/ 19 August 2015

Poo throwers sentenced to community service

Co-accused and Ses'khona co-founder Loyiso Nkohla said they would appeal their sentences.
Co-accused and Ses'khona co-founder Loyiso Nkohla said they would appeal their sentences.

Andile Lili and eight other Ses’khona People’s Rights Movement members were sentenced to three years in jail, suspended for five years, and community service in the Bellville regional court on Wednesday.

The nine men were found guilty of contravening the Civil Aviation Act after they dumped buckets of human faeces at Cape Town International Airport in August 2013.

Their sentences include a requirement to do community service for the duration of their sentence, including cleaning cemeteries for some and taking mops and buckets through their local police station for others.

Speaking to hundreds of supporters outside the court after the sentencing, Lili said he would appeal the sentence as it was not a victory for them, even though it had brought relief to some members. “Why must we clean cemeteries?” 

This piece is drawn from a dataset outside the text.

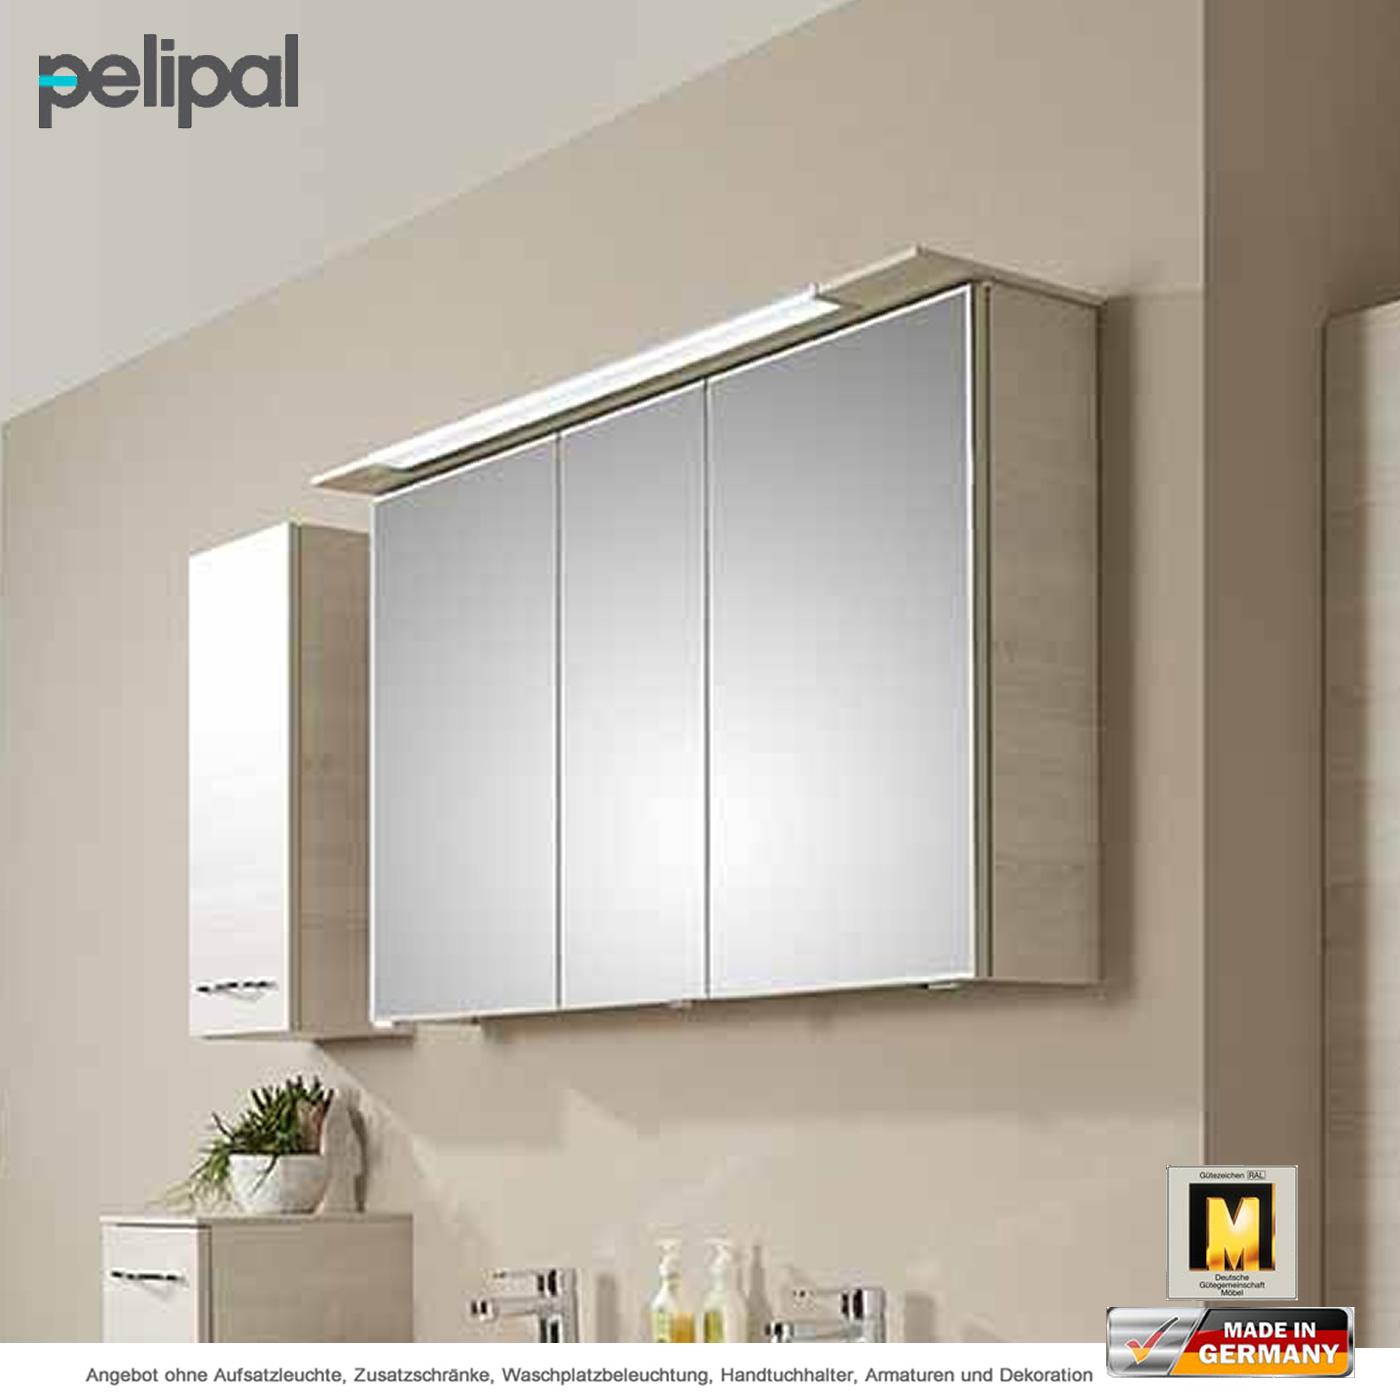 Pelipal solitaire 6110 spiegelschrank 120 cm mit led for Spiegelschrank 120
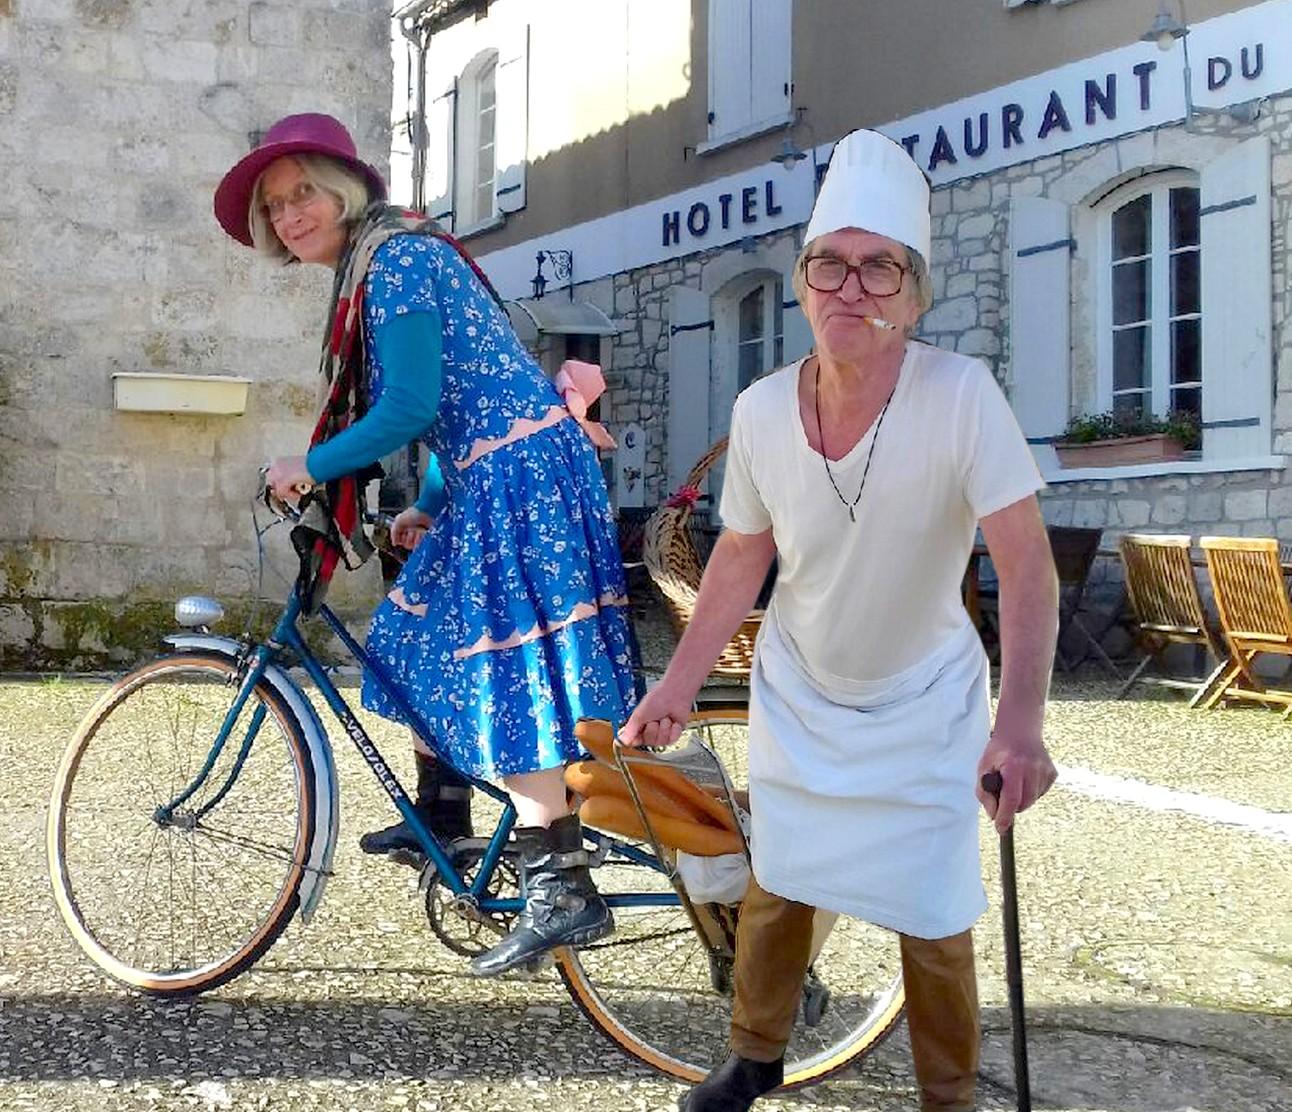 Scènes de rue et Escape Game rural à Tournon d'Agenais Tournon-d'Agenais

Co-accused and Ses’khona co-founder Loyiso Nkohla said they would appeal their sentences. “We have always maintained our innocence.”

ANC Western Cape chairperson Marius Fransman supported the group in court.

Democratic Alliance Western Cape leader Patricia de Lille used the opportunity to tell people in the province not to vote for the ANC as it meant voting for Ses’khona.

“I want to assure Andie Lili, Loyiso Nkohla and all their supporters that there is truly no place for predatory politics in the Western Cape. It is the kind of politics that not only feeds off human suffering but also creates it.

“Ses’khona is a group of people who work from within the ANC leadership, and includes a number of ANC councillors and aspirant ANC councillors. Western Cape residents should know that a vote for the ANC in the Western Cape is a vote for Ses’khona.”

De Lille said voting for the ANC was a vote for an organisation that organised and executed several faeces-throwing incidents in the city, at the Cape Town airport and elsewhere, organised disruptive protests on the N2 highway and intimidated citizens.